Семь шагов до тебя (СИ) - Ночь Ева
Я отключаюсь первая, испугавшись собственных слов. Роняю телефон из ослабевших пальцев. Невидящим взглядом выхватываю детали рисунков, разбросанных по столу.
У Неймана на портрете не каменные черты статуи. Память остро помнит самые важные моменты. И, кажется, я жалею, что нет возможности изменить прошлое. Но не будь его, мы бы никогда не встретились, не столкнулись.
Может, как раз именно это и нужно: не сожалеть, а, отбросив всё в сторону, попытаться дышать иным воздухом?..
Это были странные дни, наполненные ожиданием, теплом живого камина, скрипучим голосом Моти, что завела много новых правил.

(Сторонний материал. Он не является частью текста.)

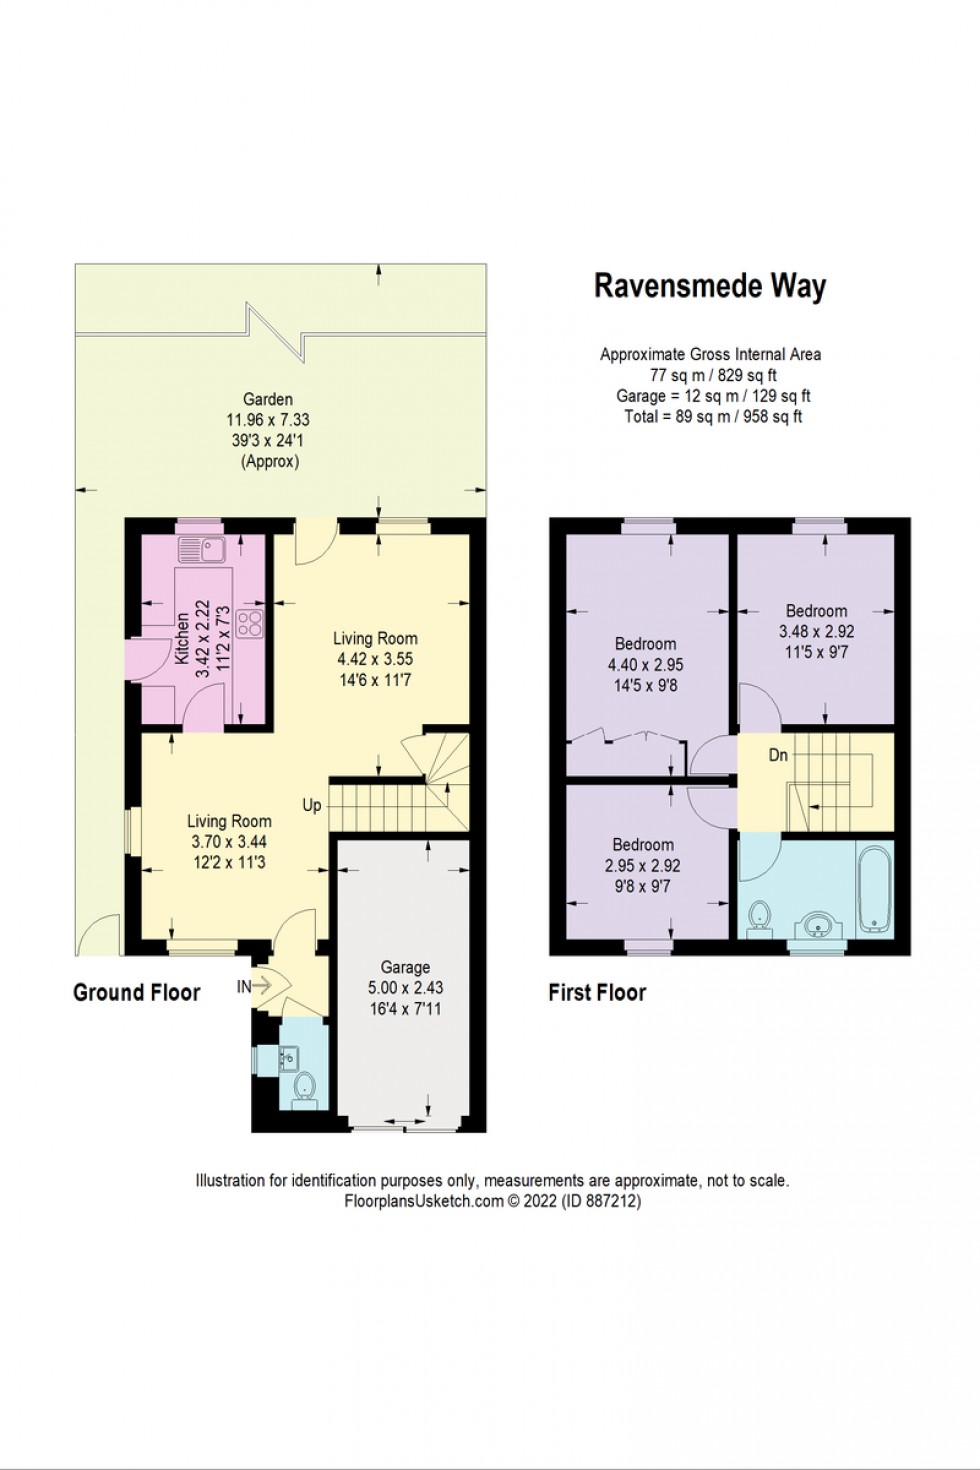 Floorplan for Ravensmede Way

Мы грелись у живого огня, закутавшись в клетчатые пледы. Если какую-то очень простую еду – нередко готовили сами или ненавязчиво выказывали свои пожелания Лии, а она только поджимала неодобрительно губы, меряя меня презрительным взглядом.
Я гадала: спал Нейман с ней или нет? Наверное, да, иначе не понятно, откуда в этой женщине столько ко мне неприкрытого пренебрежения. Не злобы, нет, не ненависти. Что-то другое. Словно превосходство. Знание какой-то тайны, общей у них на двоих с Нейманом.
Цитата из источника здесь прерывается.